Thursday, July 16, 2015

[OE003] The Game Mechanic: Red vs. Blue

Previous: [OE002] The Story: Adam & Eve

The Game Mechanic

                In most games that present moral choices, the player is almost never uncertain about what choices lead to good and what choices lead to evil. One choice glows with a holy blue and white aura and the other choice glows in a menacing black and red. The player chooses freely between good and evil without a serpent to deceive them.

                There are any number of games that provide an example of this system, and I’m sure you can think of a few yourself. Let's look at a few.

                One example is Infamous, a game which represents the more rigid end of the spectrum.
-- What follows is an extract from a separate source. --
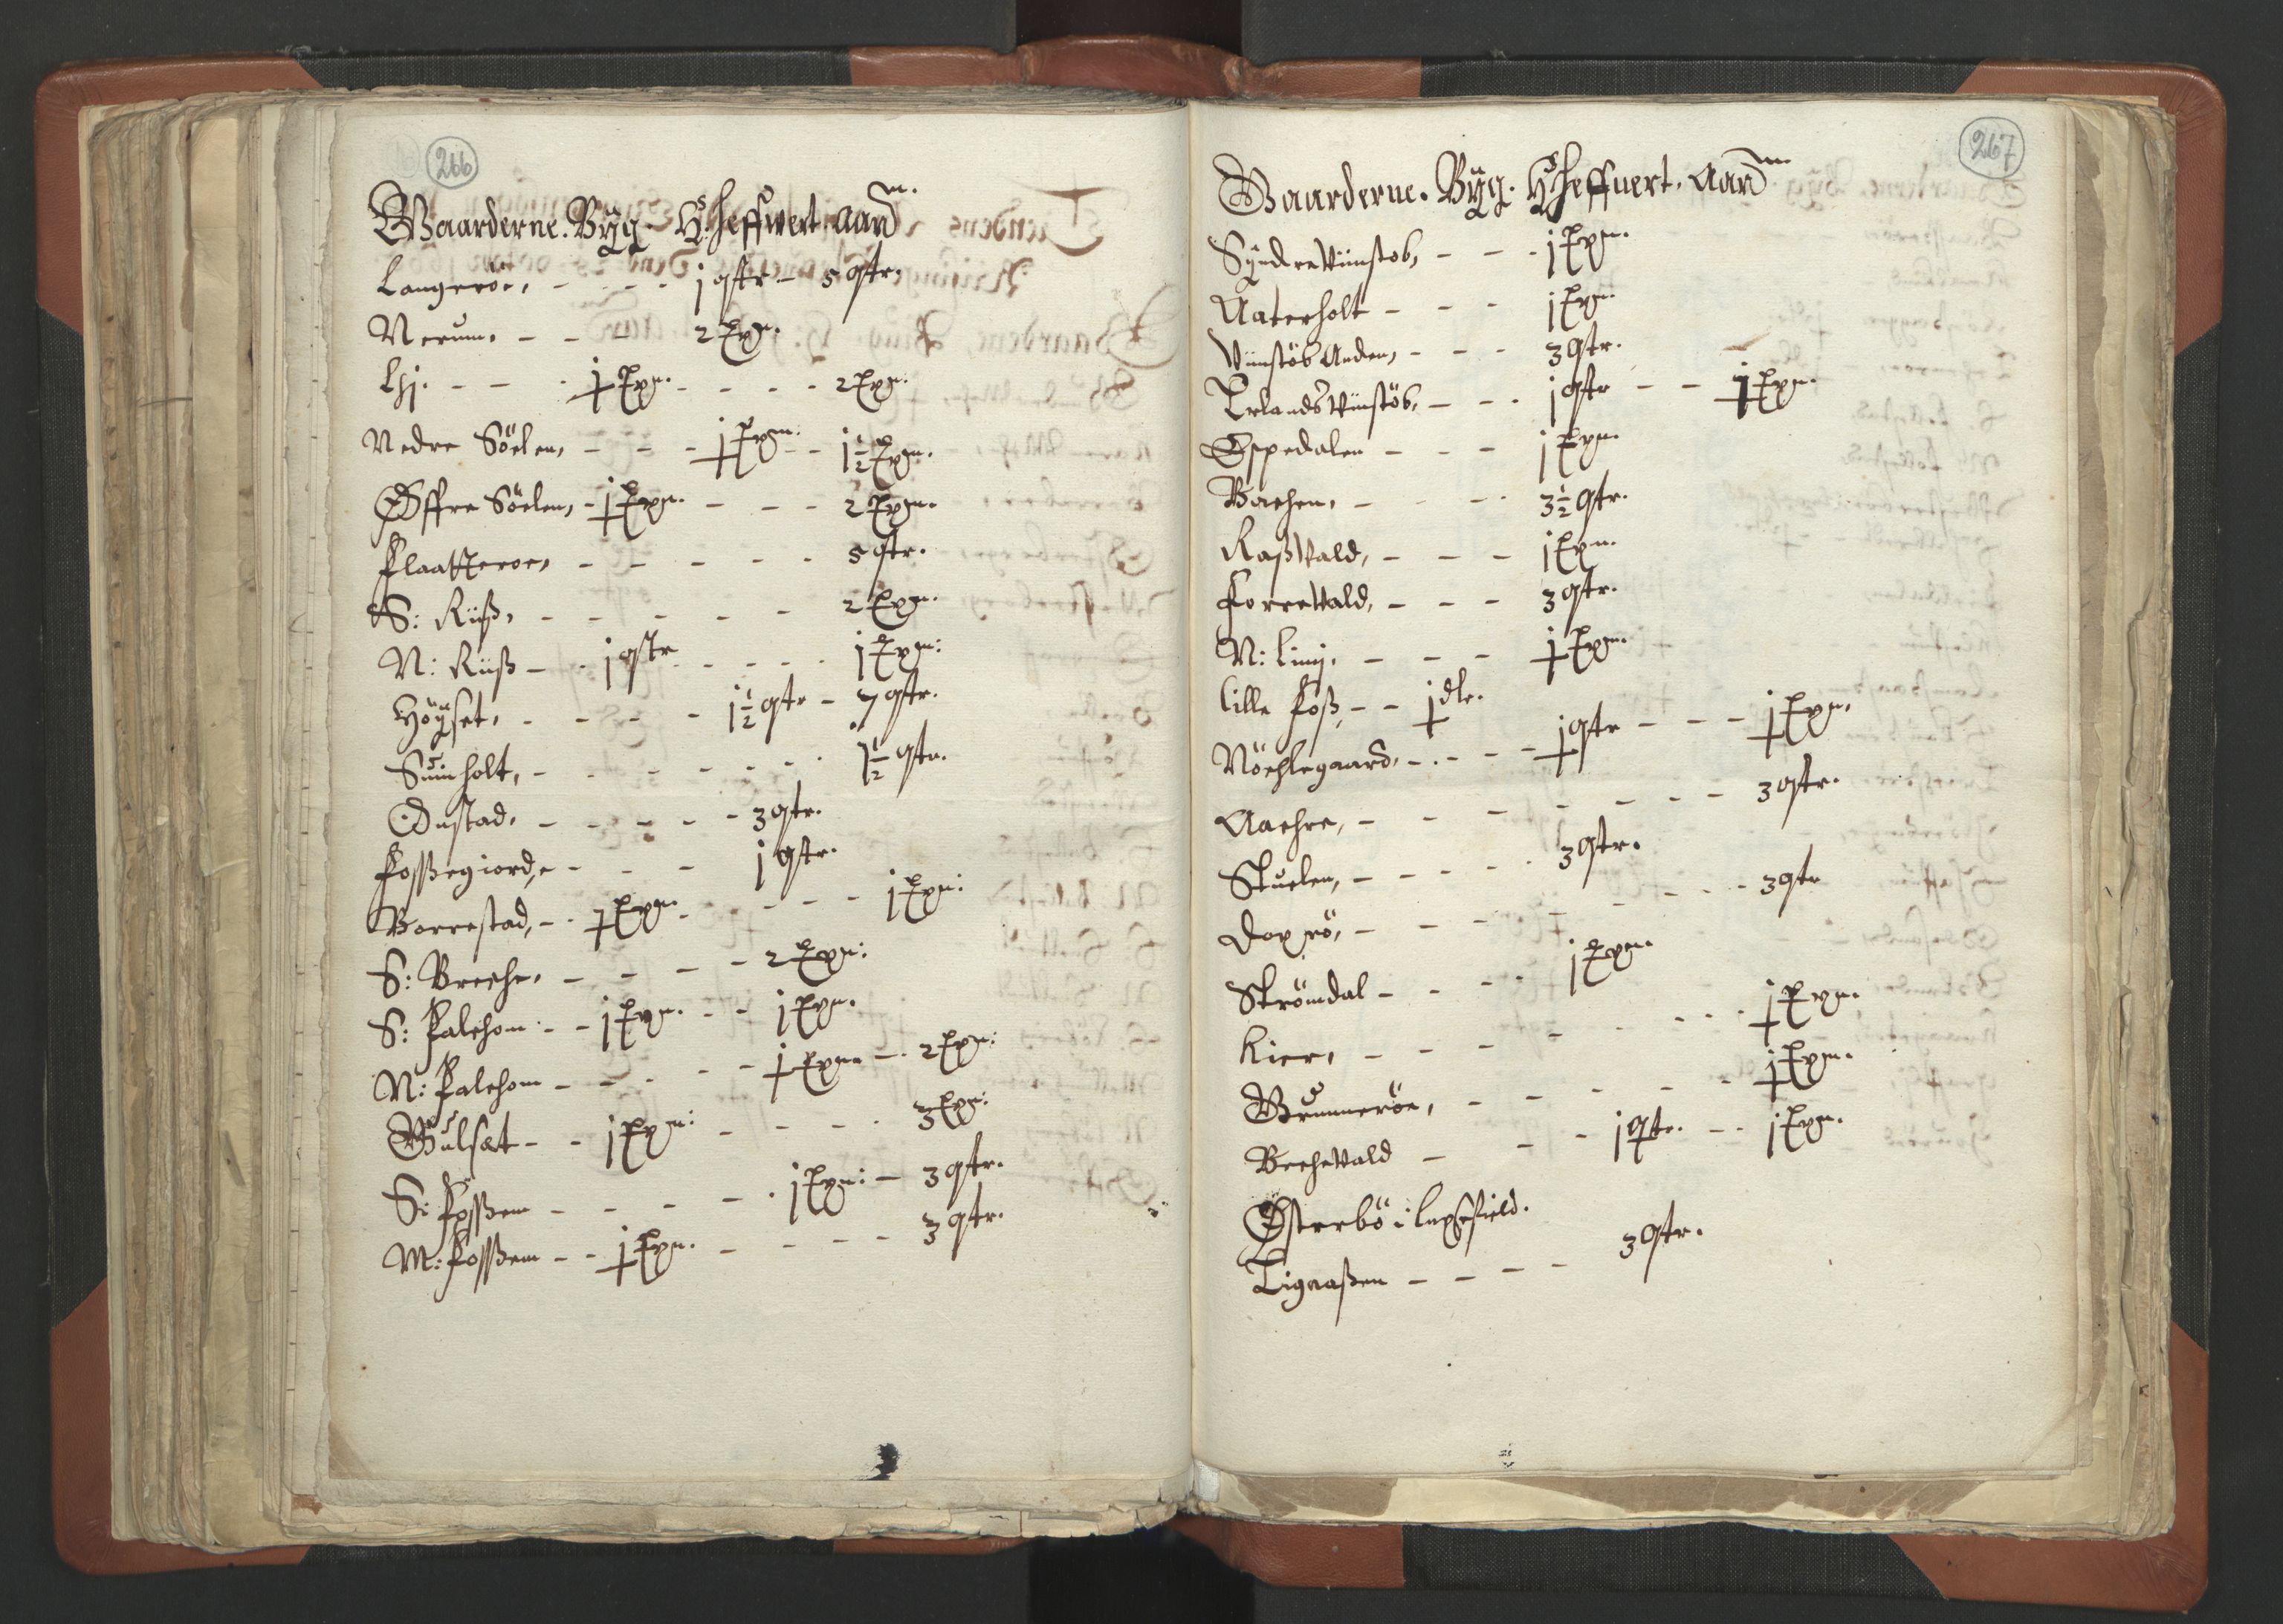 RA, Vicar's Census 1664-1666, no. 12: Øvre Telemark deanery, Nedre Telemark deanery and Bamble deanery, 1664-1666, p. 266-267

Moral choices in Infamous (referred to in-game as "Karmic Moments") affect the details of the story, but also what powers your character receives. More importantly, it makes no attempts to disguise which choice leads to which end. Each choice is explicitly outlined in blue (good) or red (evil). This binary is driven home by the portrayal of "good" powers as blue energy and "evil" powers as red energy.

Subtlety, thy name is InFamous
Unlike the Garden of Eden, these choices have little impact on overall gameplay. Choosing evil does not mean that “you will surely die,” only that you will surely get a different triumphant ending. If anything, it means that more NPCs will surely die, since the evil powers are more aggressive and destructive.

                We can also look at Bioshock’s Little Sister choices as an example. The player can either choose to kill the Little Sisters to harvest all of their ADAM or save them and receive less. This in turn affects the ending the player receives. Of course, since the player can also receive ADAM from other, less child-murdery sources, these choices have little impact on the game experience. You know which choice is good and which is evil, but it hardly matters (for you will surely level up).

These two options are morally equivalent.
                While this Edenian moral choice system provides the basis for most video games, there are three main variations that appear frequently enough to warrant discussion:

                The Law V. Chaos Variation

                This variation presents moral choices as different methods or ideologies instead of good and evil.

                In Mass Effect, players choose between the “Paragon” and “Renegade” paths. These two moralities are not presented as good or evil, but rather as different means towards the end of saving the universe. It is not a distinction of hero and villain, but hero and anti-hero. It is clear what choices are considered Paragon and which are considered Renegade, but true baby-eating evil is not an option.

Paragon vs. Renegade
                We might call this the “separate but equal” system, since both choices are presented as equally moral in the big picture sense. The binary distinction is maintained but the question of ultimate right and wrong is passed over. The Shin Megami Tensei games also frequently fall into this category, as they present Good and Evil as warring ideologies instead of absolute truths.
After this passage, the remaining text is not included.